So, I will just stop and welcome the witnesses. I look
forward to your testimony.
But I want to just thank you for giving me the privilege to
sit in with you and, once again, congratulations.
Mr. Smith. You are always welcome, Ms. Lee, and thank you
for being here and for your work on behalf of these very vital
issues.
Mr. Green?
Mr. Green. Thank you, Mr. Chairman. I thank the ranking
member as well and congratulate her.
I, too--or perhaps I shouldn't say, ``I, too''--I am an
interloper, not having been a part of the committee. I think
when I was last here we were talking about human trafficking
and there are still great issues that have to be dealt with in
the area of human trafficking.
I am honored to be here today to hear these outstanding
witnesses give us some intelligence on not only the crisis as
it relates to war, but the greater human tragedy that is
already taking place. I assure you that my concern for people
and their being cared for properly is one that is not second to
the war. The war, I want to see it end. I don't want war of any
kind. But even while people are at war, we can still have the
decency to treat human beings as human beings.
So, Mr. Chairman, thank you so much, and I yield back any
time that I have left.
Mr. Smith. Thank you very much, Mr. Green.
But very briefly, Ambassador Lyman, Princeton Lyman, has
served as the U.S. Special Envoy for Sudan since March of last
year. Immediately prior to that, he served as U.S. Senior
Advisor on North-South Negotiations, where he led the U.S.
team, focused on supporting ongoing negotiations between the
parties to the 2005 CPA. Ambassador Lyman has held a number of
important positions in the NGO sector and academia, in addition
to the multitude of diplomatic assignments throughout Africa
spanning several decades.
Ambassador Lyman has recently returned from being on the
ground in Khartoum and Juba, and we look forward to hearing his
comments on the recent events in his second appearance before
this subcommittee.
Then, we will hear from Nancy Lindborg, who is the
Assistant Administrator for the Bureau of Democracy, Conflict,
and Humanitarian Assistance at USAID. Ms. Lindborg spent 14
years as President of Mercy Corps, where she focused on
international relief and development. During her time in Mercy
Corps, she also served in a number of positions where she
worked on issues related to foreign relations, foreign
assistance, of course. No stranger to this committee, Ms.

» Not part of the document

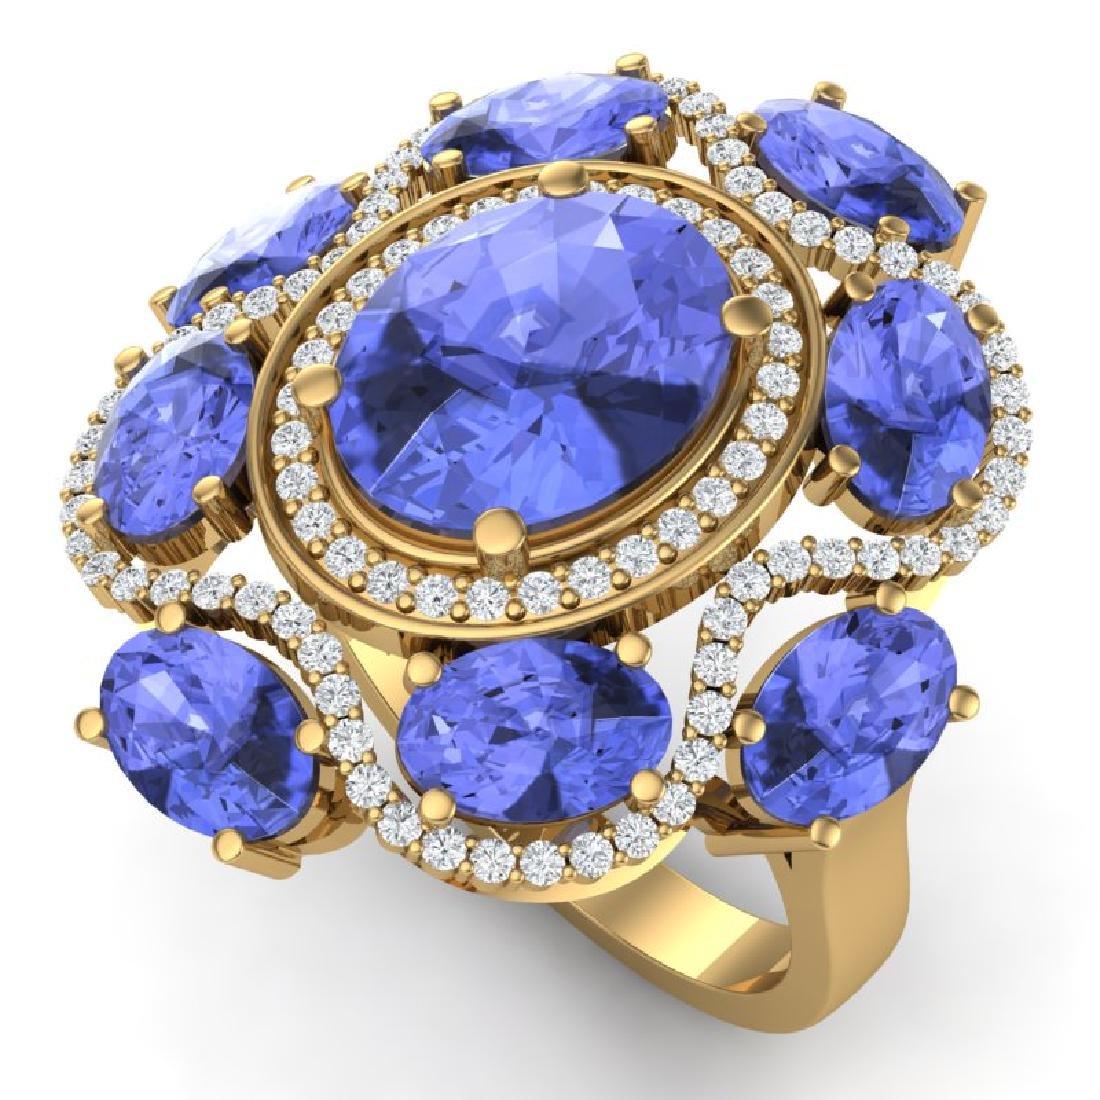 9.67 CTW Royalty Tanzanite & VS Diamond Ring 18K Yellow

Lindborg testified last summer on a hearing on Somalia. We look
forward and welcome her back.
And then, Anne Richard, recently sworn in earlier this
month, as the new Assistant Secretary for Population, Refugees,
and Migration Bureau. Ms. Richard's previous government service
includes service in the State Department, the Peace Corps, the
Office of Management and Budget. She also worked on the Council
on Foreign Relations, the International Rescue Committee, and
was part of the team that founded the International Crisis
Group.
Ambassador Lyman, please proceed.
STATEMENT OF THE HONORABLE PRINCETON LYMAN, SPECIAL ENVOY FOR
SUDAN, U.S. DEPARTMENT OF STATE
Ambassador Lyman. Thank you very much. Thank you, Ranking
Member.
Congresswoman Bass, it is wonderful that you have assumed
this position.
Congresswoman Lee, it is so good for you to be here, and
Congressman Green.
I was privileged yesterday to be invited to that
magnificent ceremony yesterday to honor Donald Payne, who
graced this committee for so many years and embodied so much
the spirit that this committee, this subcommittee, has had of a
bipartisan approach to dealing with the issues of Africa,
America's interest. I know the chairman has worked very closely
with him, and we miss him greatly, but it is wonderful to see
this strong, continuing interest from this committee. So, thank
you very much.
Mr. Chairman, I would ask that the full testimony be
submitted for the record, if that is okay, and let me just try
to summarize the situation and what we are doing now.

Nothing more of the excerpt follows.